Although younger adults were less likely to drink every day, the survey suggests that they were more likely to binge drink than older adults.
...
The survey also found that men tended to drink more often than women
Shocking!
Never mind 2005, what about the difference between 2009 and 2010? Overall, alcohol consumption fell by 3%. It fell 11% for those aged 16-24; 1% for 25-44; 4% for 45-64; and 1% for 65 and over. So even compared to last year, we're drinking less. If the BBC were honest and unbiased, their headline would have read "Alcohol consumption continues to fall". But as Chris Snowdon says, that wouldn't help the campaign for minimum pricing (which seems to have
finally succeeded).
It's bad enough that we suffer propaganda from a bunch of compulsorily-funded zealots at the BBC. But it seems that the compulsorily-funded statisticians at the ONS also believe that drinking is a problem, and that this is the government's business:
How the data are used and their importance
The Department of Health estimates that the harmful use of alcohol costs the National Health Service around £2.7bn a year1 and 7 per cent of all hospital admissions are alcohol related. Drinking can lead to over 40 medical conditions, including cancer, stroke, hypertension, liver disease and heart disease. Reducing the harm caused by alcohol is therefore a priority for the Government and the devolved administrations. The GHS/GLF is an important source for monitoring trends in alcohol consumption.

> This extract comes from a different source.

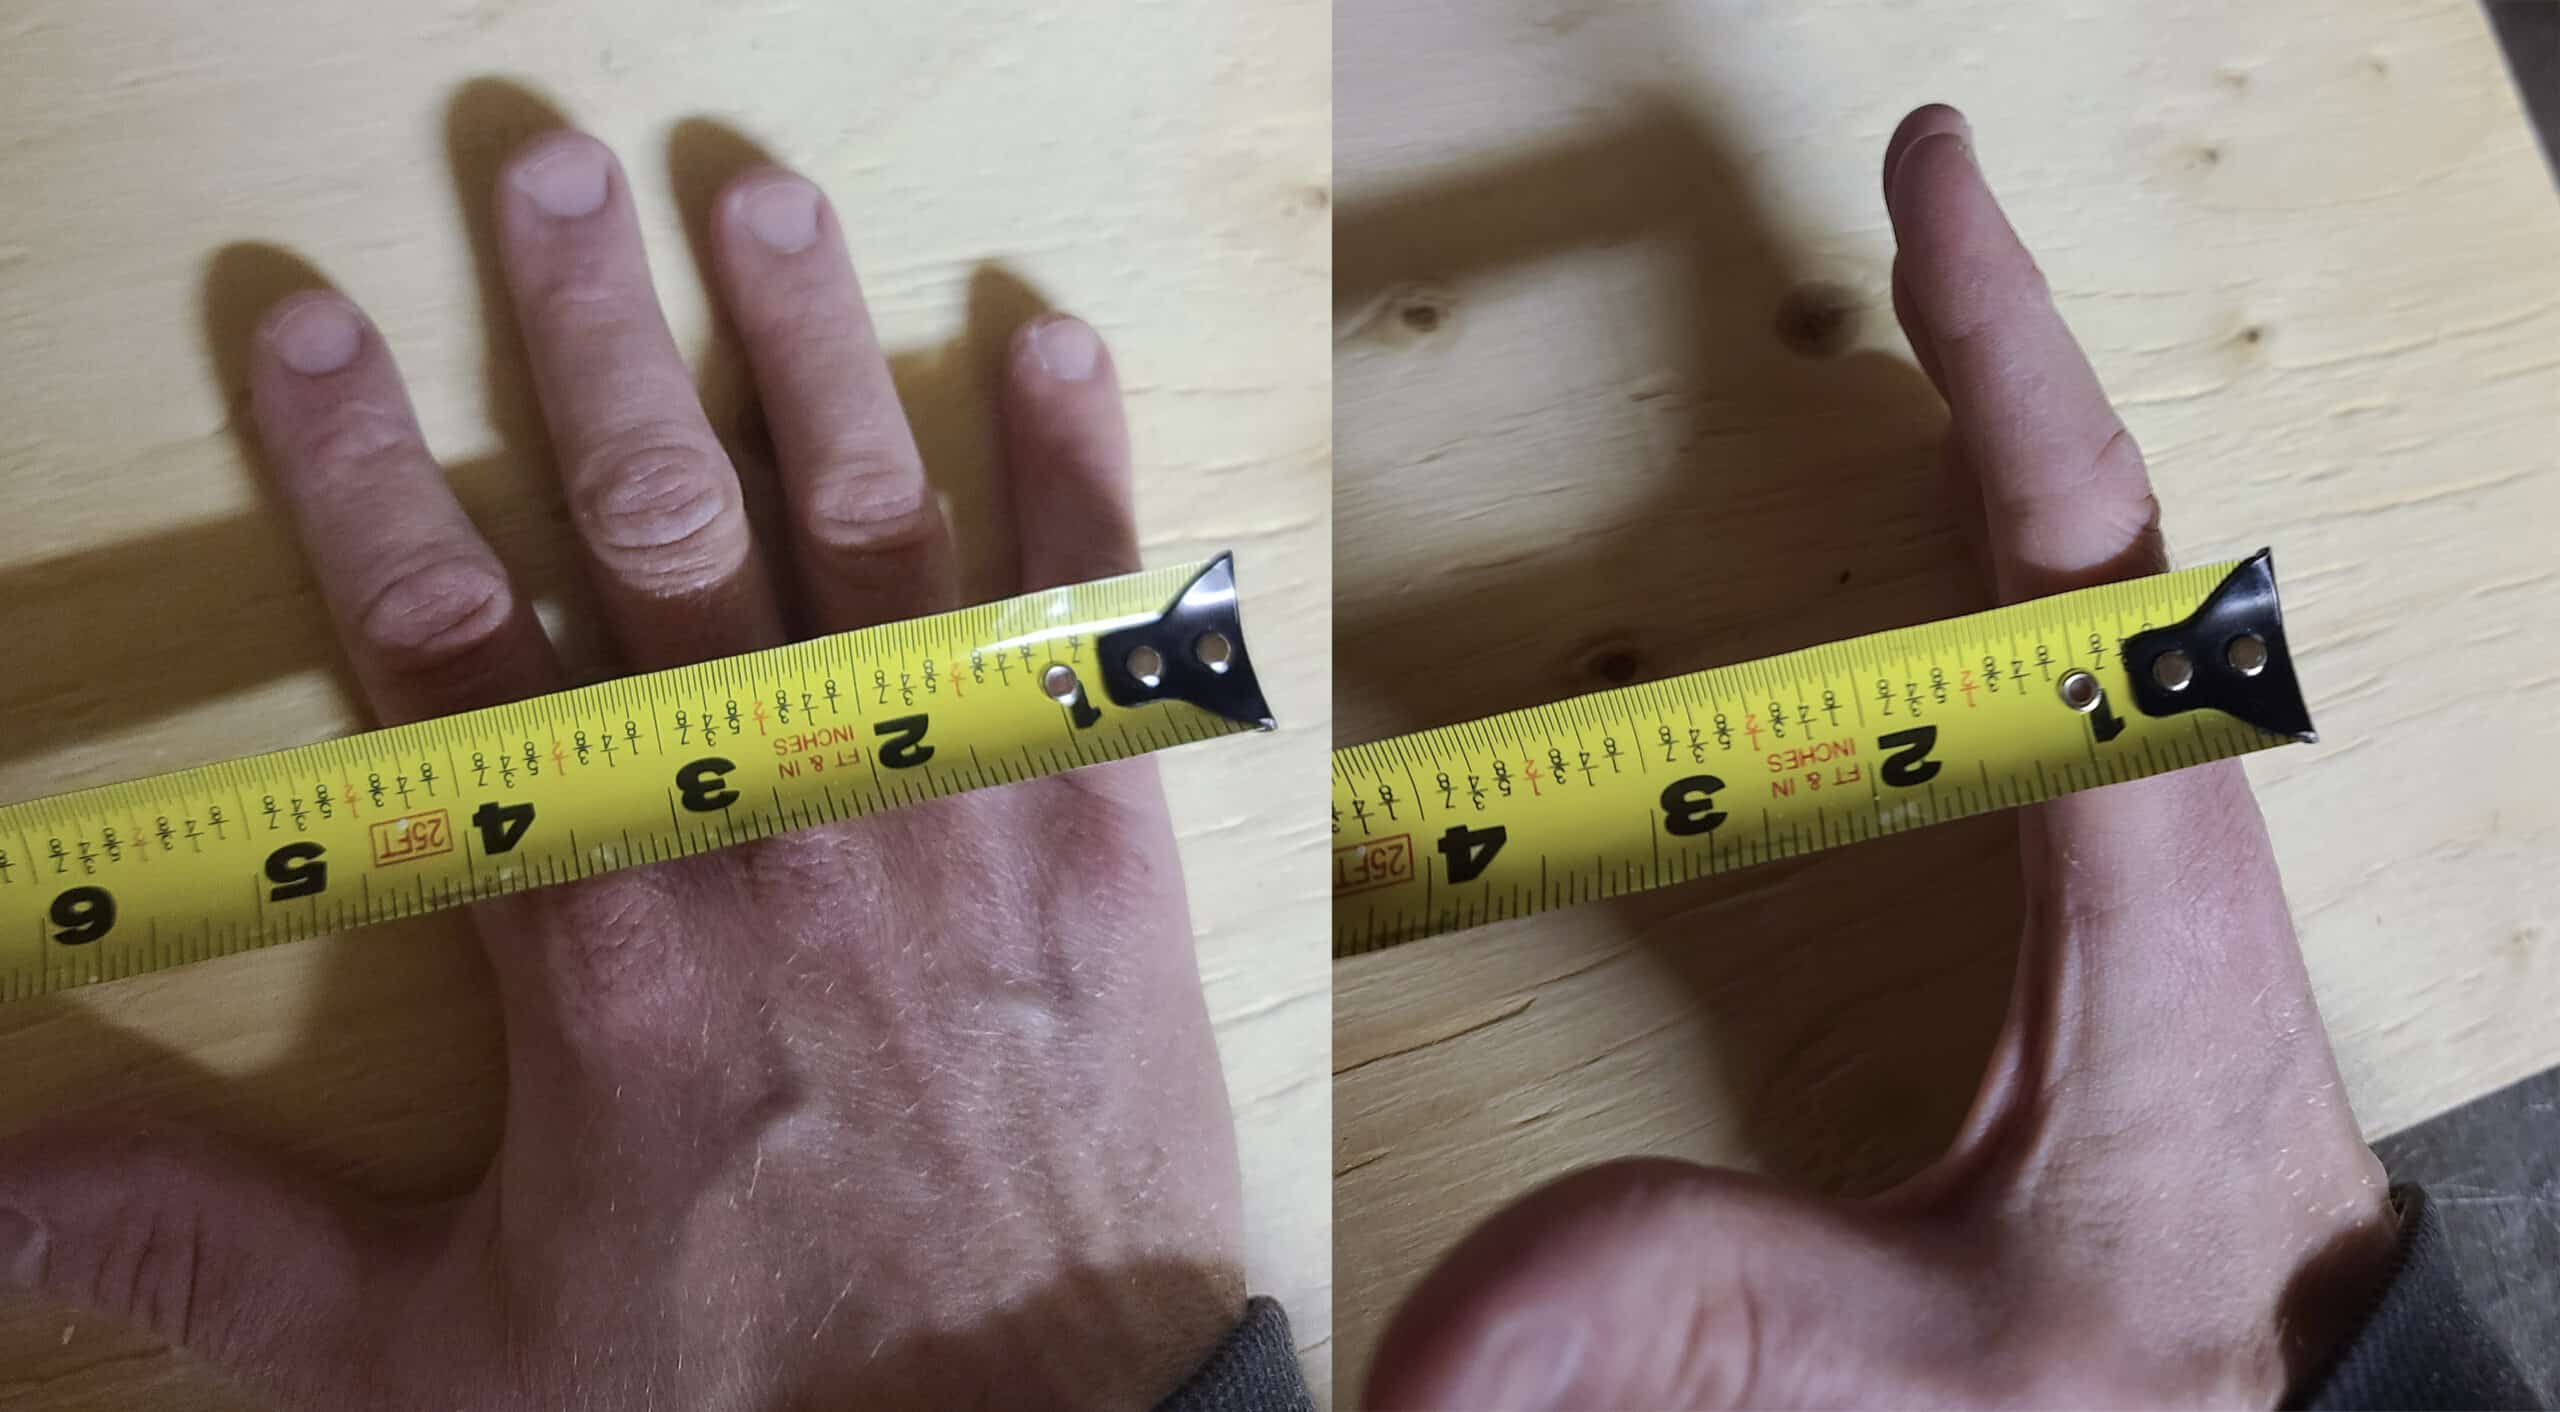 Left side, a photo of the back of a hand and a tape measure across, the hand is about 4" wide. Right side: a hand on end with a tape measure across, the hand is about 1" wide.

£2.7bn sounds like a lot. That's £2,700 million. So how does it compare with what the government collects in taxes on alcohol? Let's have a look at another report available from the ONS: the
Alcohol Duties Statistical Bulletin - December 2011:
Chart 1B shows 2011/12 year-to-date (April to February) Total Alcohol Receipts are £8,678m, which is £68m (0.8%) less than the same period in 2010/11.
Now, I'm sure that "harmful use of alcohol" has costs to individuals and organisations other than the NHS, but only
public costs should concern the government. Do the non-NHS public costs really add up to £5.978 billion?
I don't know what's more disturbing - that the government churns out this propaganda, or that people believe it. Either way, it's enough to drive any sane person to drink.